Summary
On November 24th, 2014 some CRM Online organizations hosted in one of our North American data centers went offline. The issue was detected by monitoring and Dynamics Service Engineering followed established troubleshooting processes to investigate and fix the issue. Less than 1% of customers in North America were affected.
Customer Impact
During the incident, customers would have experienced very slow load times or timeouts while trying to access their CRM Online organization during a portion of the incident time.

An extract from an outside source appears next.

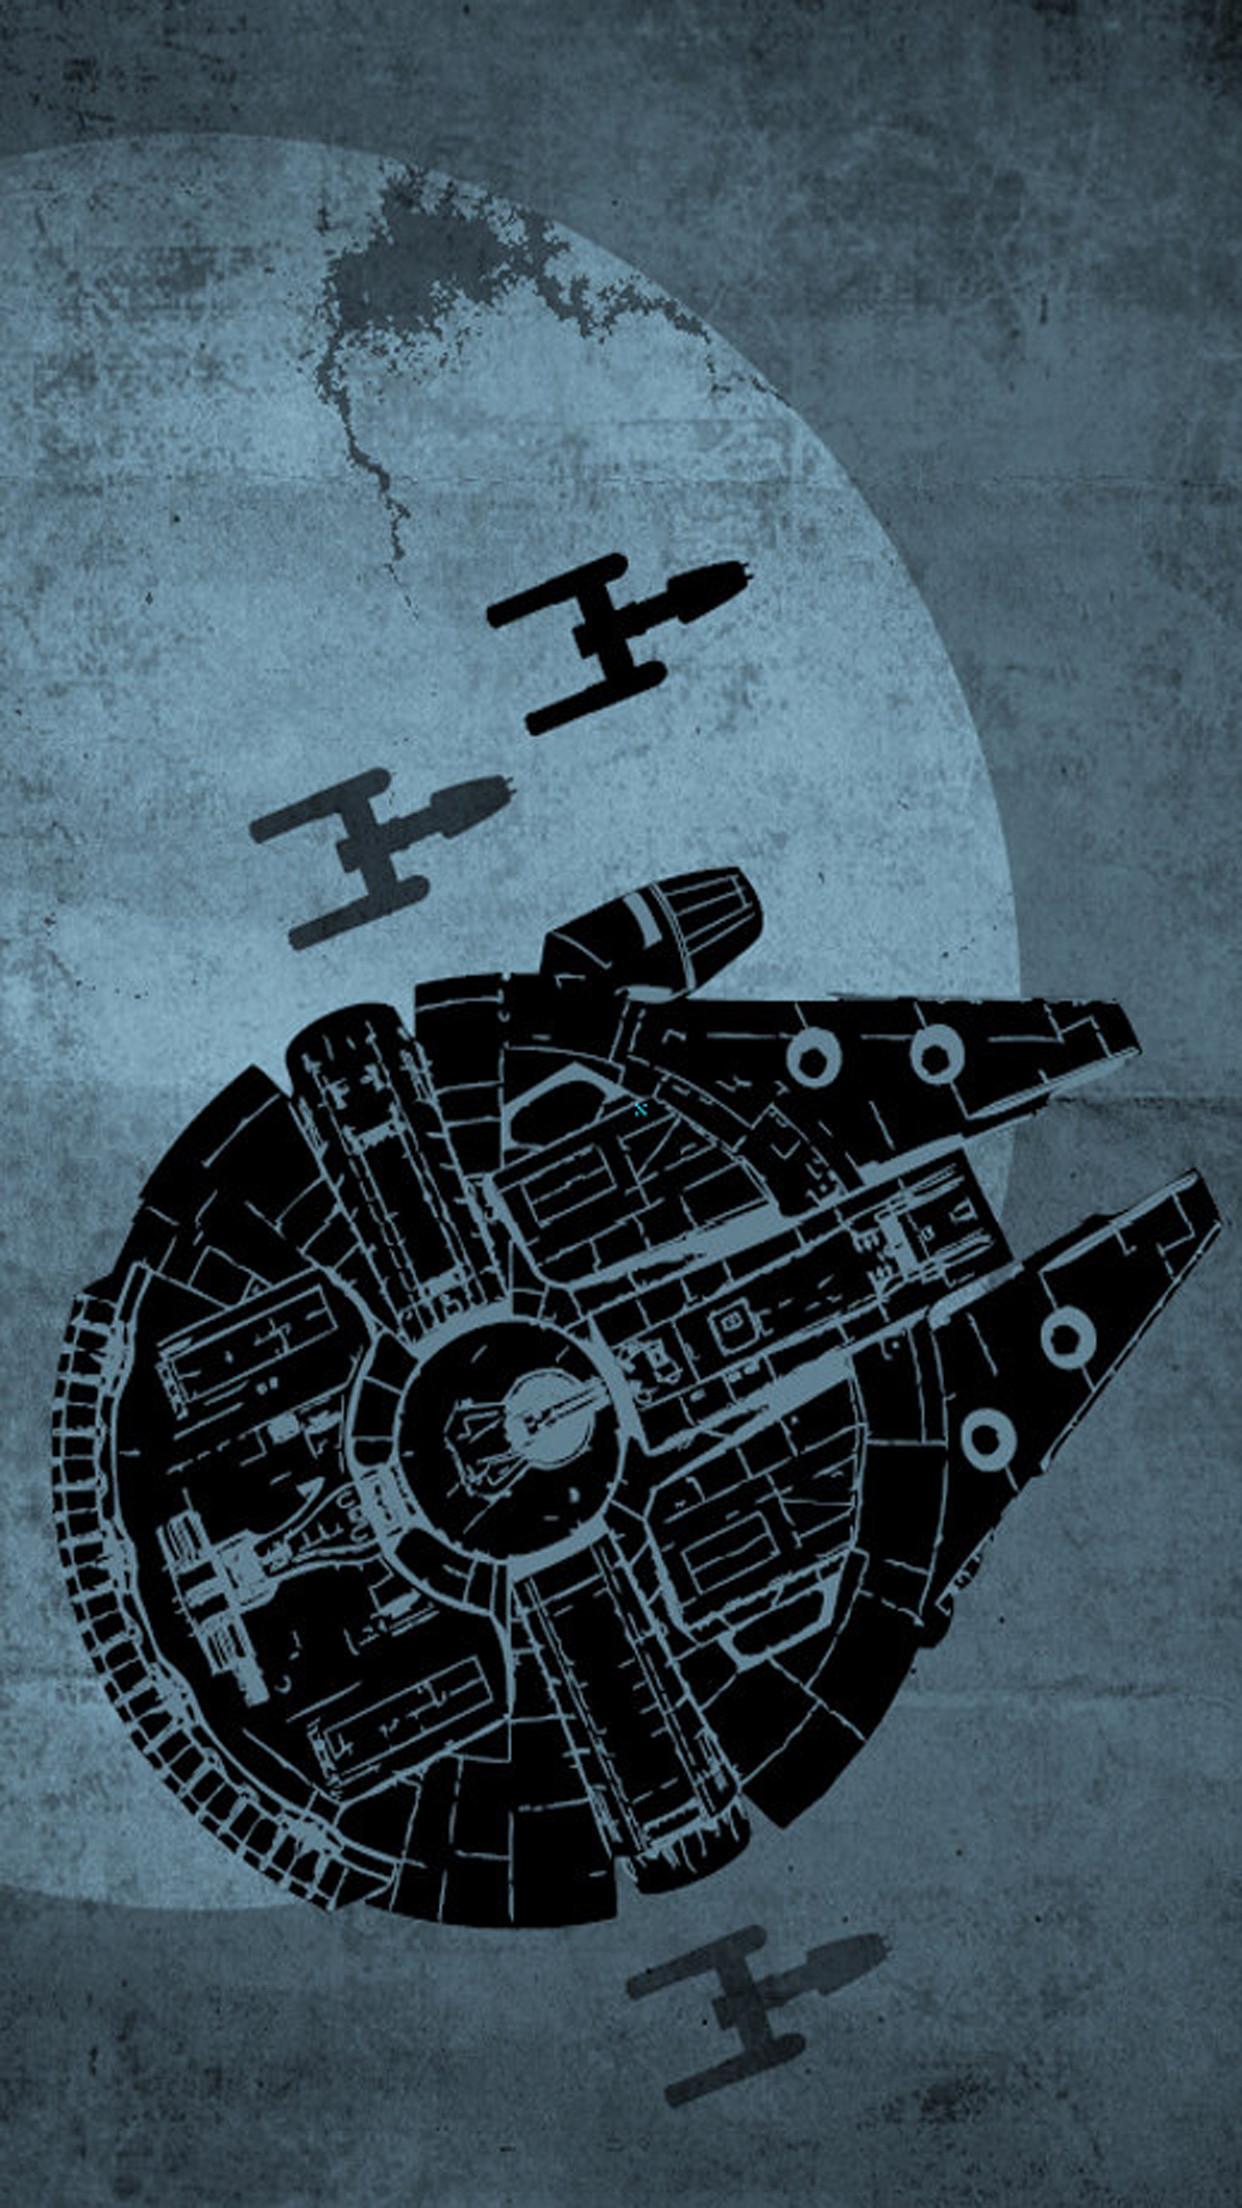 clone trooper iphone wallpaper (65+ images)

Incident Start Date and Time
November 24, 2014 9:52 PM PST
Date and Time Service was Restored
November 24, 2014 10:12 PM PST
Root Cause
One of the SQL servers in a single cluster began to experience higher than normal CPU utilization, causing slow performance. The Service Engineering team received an alert to this condition and began failing over some availability groups to alternate database servers to alleviate the high CPU. Unfortunately, some of the availability groups did not fail over cleanly and those customers experienced a brief outage until those availability groups were brought back online.
Next Step(s)
Issue | Next Step | Team Owner | Timeline |
Not all databases failed over cleanly | Investigation through logs and other data of why databases did not fail over. | Microsoft Dynamics CRM Online Service Engineering | Underway |
High CPU utilization | Investigate the cause of the high CPU utilization on the single SQL server and what can be done to protect the service should it happen again | Microsoft Dynamics CRM Online Service Engineering | Underway |